Thursday, 31 July 2014
New university funding 'plans': complex, risky and unlikely
Those of us who actually work in, or analyse, English Higher Education have always said that the coalition's £9,000 tuition fee hike was going to get them into trouble. It was just too large a step to jump in one go. It was totally understandable, of course, for David Willetts and Vince Cable to push the funding off onto undergraduates as the only way to get the Treasury to agree to fund our universities at anything like the level they needed. But somewhere in the mix the public interest - in affordable, high-quality, and above all communally-rewarding education - got lost. Universities racked up fees; the taxpayer took up the slack in the short term, which turned out to involve a lot more effort than hitherto thought when graduates turned out not to earn as much as forecast. We did tell you that would happen back in February 2011, but who listens to academic historians?
Which brings us to this week's non-shock: that the Government is thinking about allowing universities to buy up some of the Treasury loans that have been issued to students. In return for this apparent act of altruism towards Her Majesty's Government. those institutions might be able to charge more than £9,000 - probably quite a lot more if they're to think about taking on such a lot of debt.
And here's the main flaw in the concept. Only a very, very few universities will want to get involved at anything more than the margins of such a scheme. Why? Because even a few years' student loans would completely overwhelm their asset sheets in a sea of red ink. It's just too risky, even leaving aside the fact that most banks and other financial institutions seem to have shown a marked lack of enthusiasm for such plans in private. Which you would, really, unless the Government acted as a backstop for such a lot of debt. But if they do, that sort of negates the whole point of offloading all those liabilities in the first place. The outcome? Oxford, Cambridge, Imperial, UCL and perhaps a very few others might take up some of the slack and then raise their fees. But most redbrick civic universities will only dip their toes in the water, and most of the rest of the sector will not want to put themselves under pressure.
That emerging 'ivy league' might come to regret their rush towards the bright lights of 'freedom', though. For this idea also depends on Whitehall computer systems being able to track and trace graduates to give the cash back to those individual universities - otherwise no link between students' place of learning and their later salaries can be established. A large-scale govenrment IT project? What could possibly go wrong? Except, of course, everything - especially as the now-ex Universities Minister Willetts met criticism of the impact on courses likely to produce lower-earning graduates with the farcical, bumble-your-way-through concept that detailed 'regulations' and 'formulae' could be put in place to tilt the playing field their way. So might a drowning man in quicksand thrash around, rather than calmly looking for a plan to get him out of his trap.
The Historian simply does not believe that the Department for Business, Innovation and Skills, universities and the Student Loan Company have anything like the dense, thick, experienced managerial capacity to make such a scheme work.
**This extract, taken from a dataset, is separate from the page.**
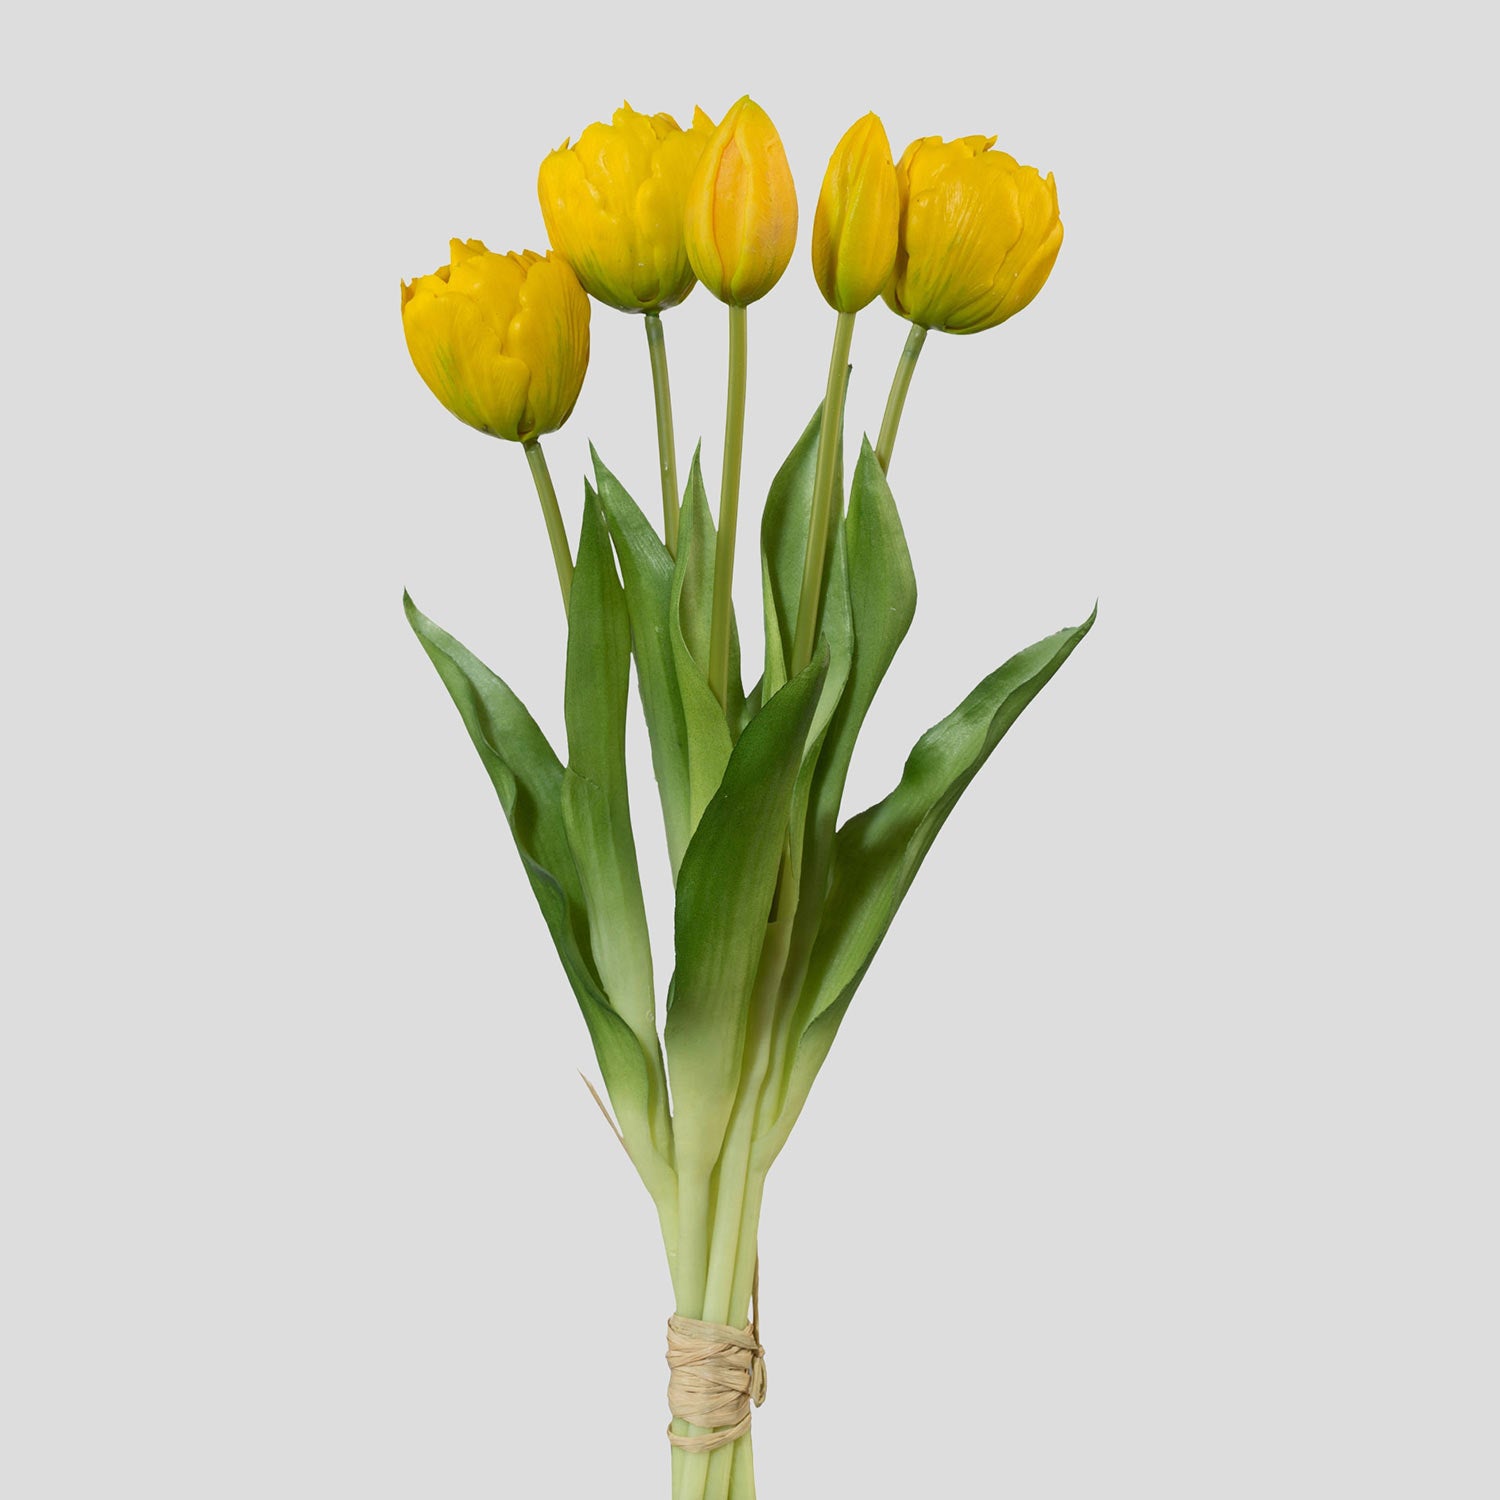 5 szálból álló, sárga színű tulipáncsokor művirág, nyílt és bimbós virágfejekkel.

They'll probably form a consortium and call it something like a 'Student Loans Company'. Or - heaven forbid - a 'government', differing only in form from what we've had for decades only on the basis that big accountancy firms run it rather than Parliament and Ministers. Which takes us back to the reason we have a relatively large public sector in the first place: it pools risk, and it lowers the complexity of contract-making in what the remnants of economic true believers term that myth called 'the market'.
It's just another sad snapshot of a government turning this way and that, and then that way and this, as they desperately think of ways to get out of the corner into which they've painted themselves. Next up: David Willetts crowd-funds a mission to Mars on Kickstarter.
It is of course perfectly possible to say that the debt burden on the Treasury will come to look rather smaller as the economy improves. It probably will - though not by the vast amounts that would really justify the upheaval we've lived through. But what happens if graduate earnings have been permanently lowered by the Great Recession? If there's another, after the economic disasters of 1980-82, 1990-93 and 2007-12? And you have to ask yourself this: if everything's so wonderful, why are the Government scratching around for ways to bring more money into the system? Rising costs were always going to involve putting a higher price-tag on a degree than £9,000, once the few years' grace that injection of cash gave to the system had come to an end. The key to Ministers' endless search for cash is quite clear, and has been from the start: they have launched out on an enormous, expensive, disordered and above all very complicated 'reform' of England's previously-successful Higher Education system without a compass, map, chart or design. It's therefore no wonder that they've got lost.
And now they're making it up again - whistling to keep their spirits up as they go along. Fingers crossed they get it all right, eh?